In late May, Union Gen. George B. McClellan had nearly completed his march up the Peninsula and was arriving with the Army of the Potomac on the outskirts of Richmond. The forces under Confederate Gen. Joseph E Johnston were the only thing standing between the massive Federal army and the capital city. The citizens of Richmond were anxious about the impending battle and the fate of their city.
Even with the enemy just a few miles away, the public managed to find diversions from their anxiety. One particular diversion that arrived in Richmond in late May was a prisoner-of-war by the name of David Van Buskirk. His unit, the 27th Indiana, was captured near Winchester, VA and he was sent to Libby Prison. Weighing 380 lbs. and standing 6’10” tall, Buskirk was HUGE. In our modern era, Buskirk would have been bigger than the average NFL linebacker, but it was even more remarkable in the mid-1800s when people on average stood a lot shorter than they do today. Abraham Lincoln, considered very tall at the time, was a full six inches shorter than Buskirk. So, as you can imagine, he was a mountain of a man.
Residents regularly tried to catch a glimpse of Buskirk, who quickly became known around Richmond as “the biggest Yankee in the world.” While it was mostly hyperbole in Richmond, the distinction definitely had merit: according to records, Buskirk was the tallest Union soldier to serve during the war. During his stay at Libby Prison, Buskirk was often let out at night to be featured in a circus-like freak show in downtown Richmond. He was the talk of the town. Taking full advantage of his celebrity status, Buskirk actually gained weight during his three-month stay in Libby Prison while many prisoners (and even citizens of Richmond) endured serious food shortages.
Even Confederate president Jefferson Davis went to Libby Prison to see Buskirk.

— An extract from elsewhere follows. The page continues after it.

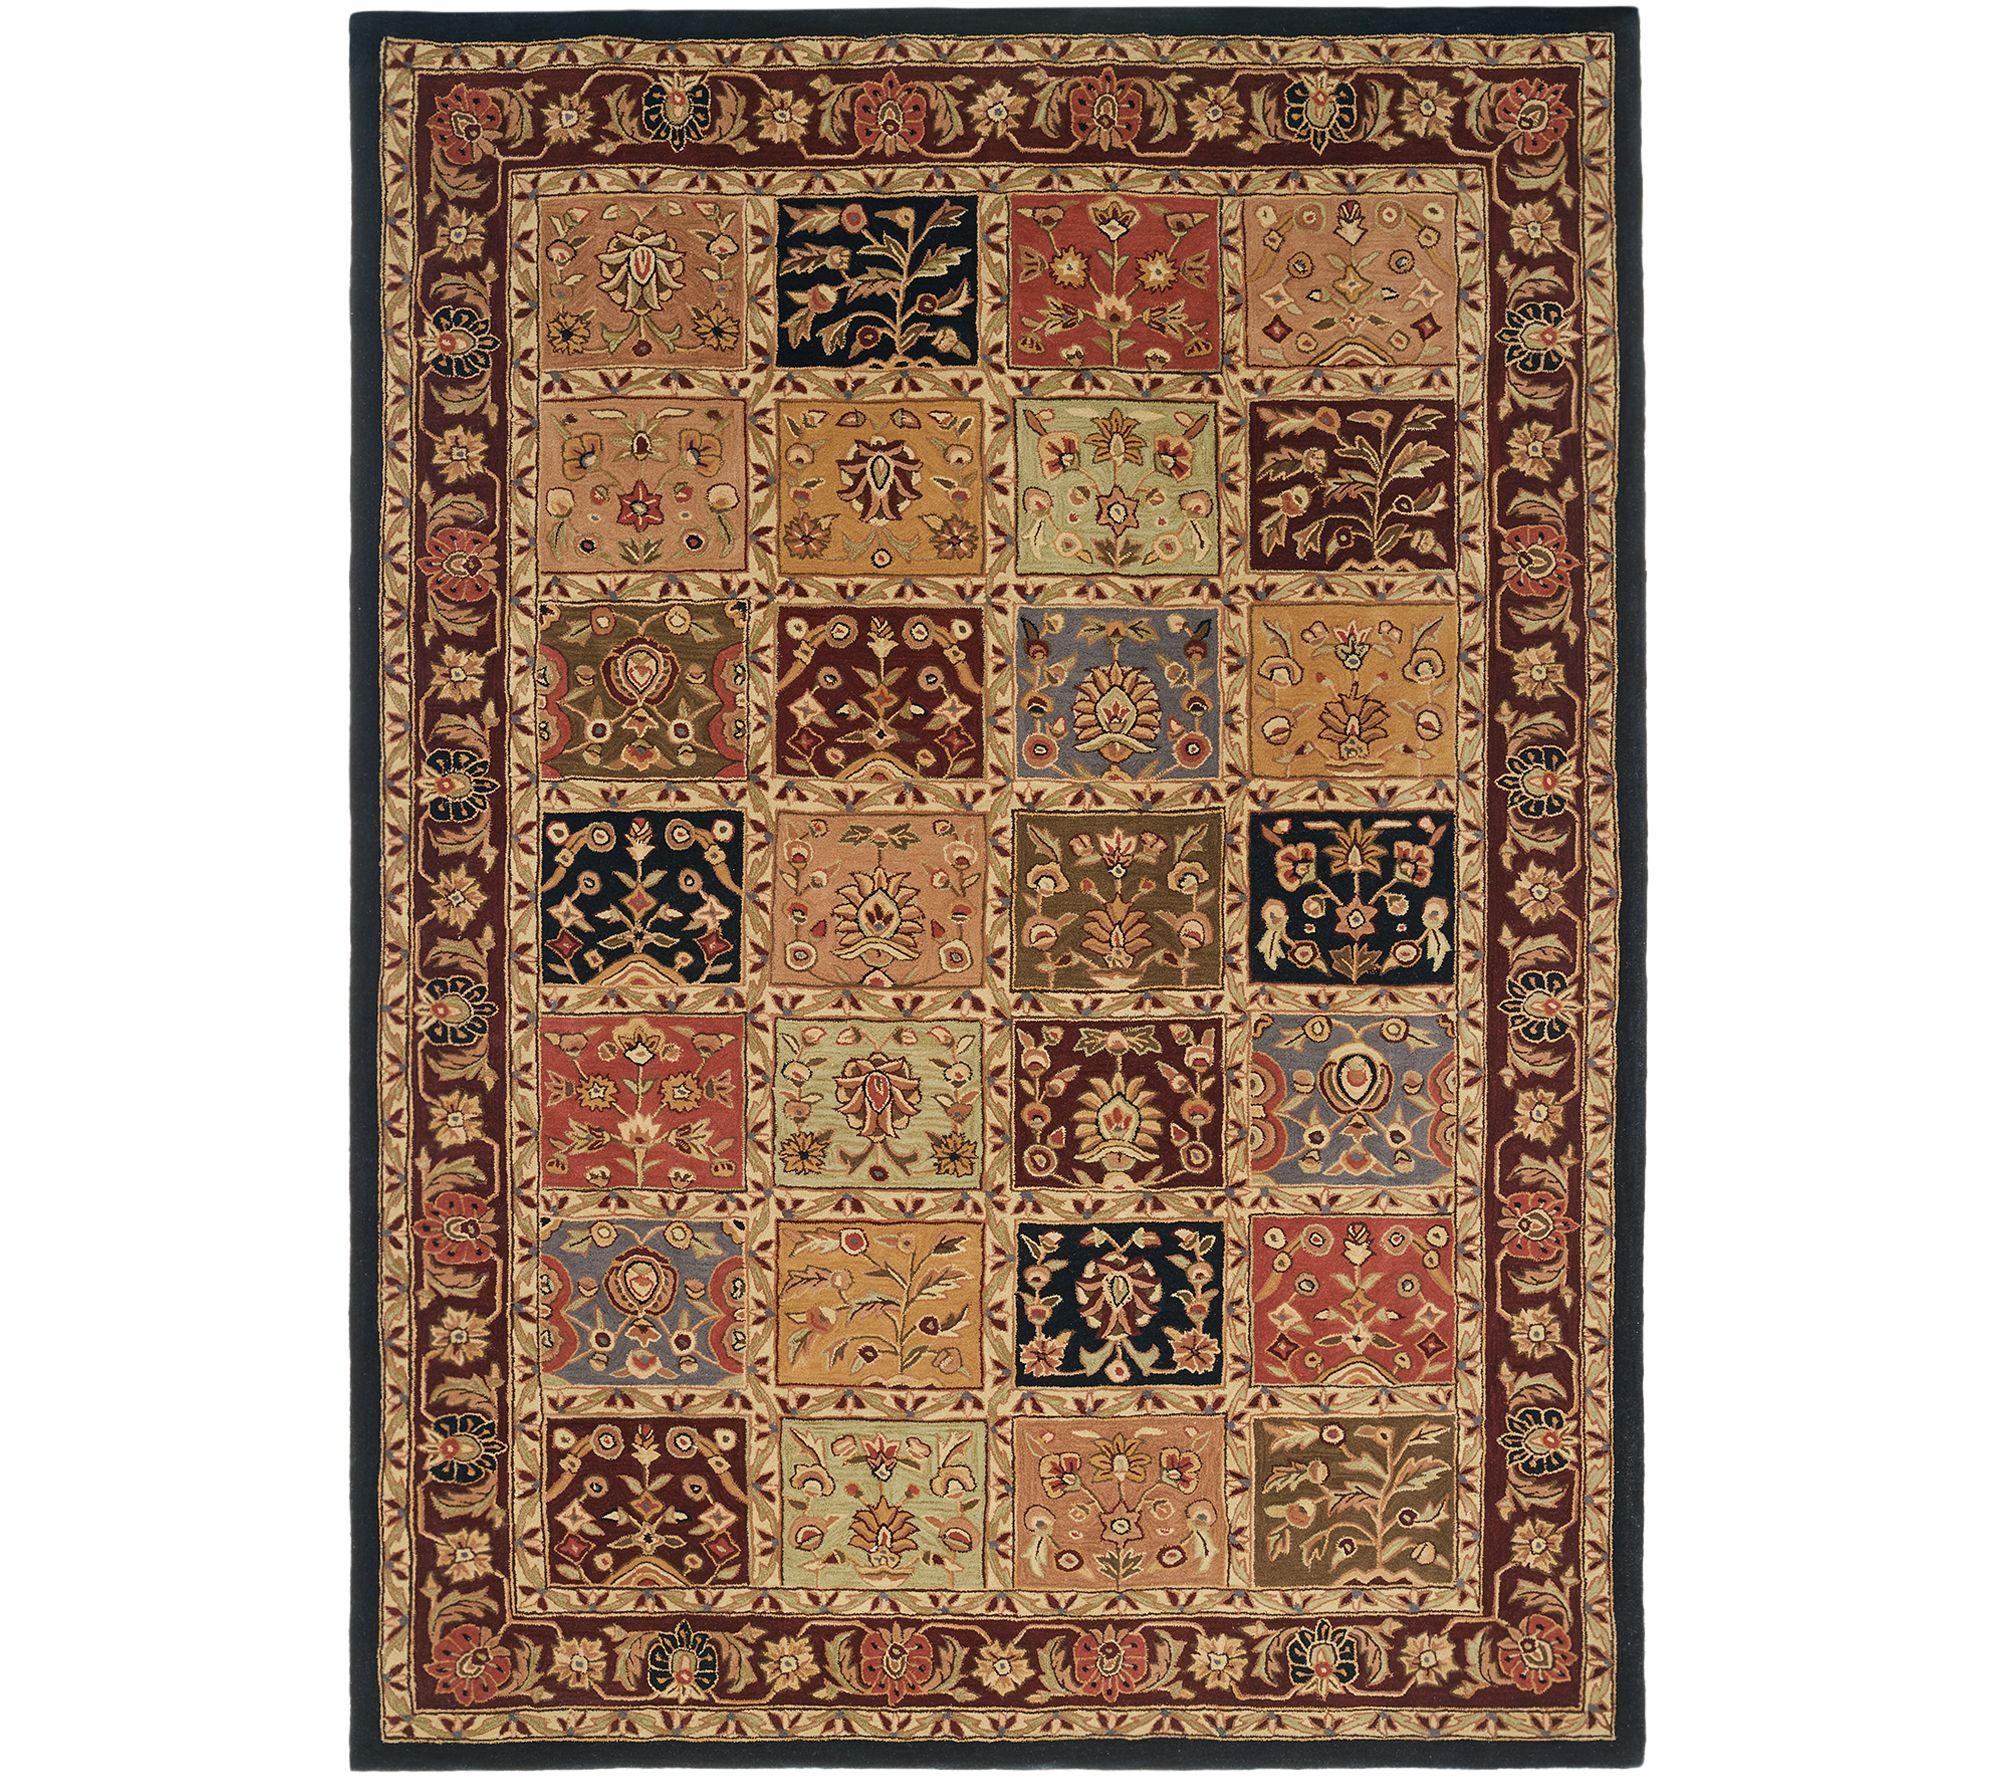 Qvc Carpets Floor Matttroy

When Davis asked him about his family back in Indiana, Buskirk reportedly joked:
Back in Bloomington, Indiana, I have six sisters. When they told me good-bye, as I was standing with my company, they all walked up, leaned down, and kissed me on top of the head. City Under Siege, Wright, pg. 207
After being released from prison during an exchange, the “biggest Yankee in the world” would rejoin the 27th Indiana for the Battle of Gettysburg. During a 25-hour forced march to reach the battle, it is said that he wore out five different horses before reaching their destination. He fought with the 27th Indiana until 1864, when he resigned his commission due to illness. He died from blood poisoning in 1886, laid to rest in a specially-built casket and buried near his home in Indiana.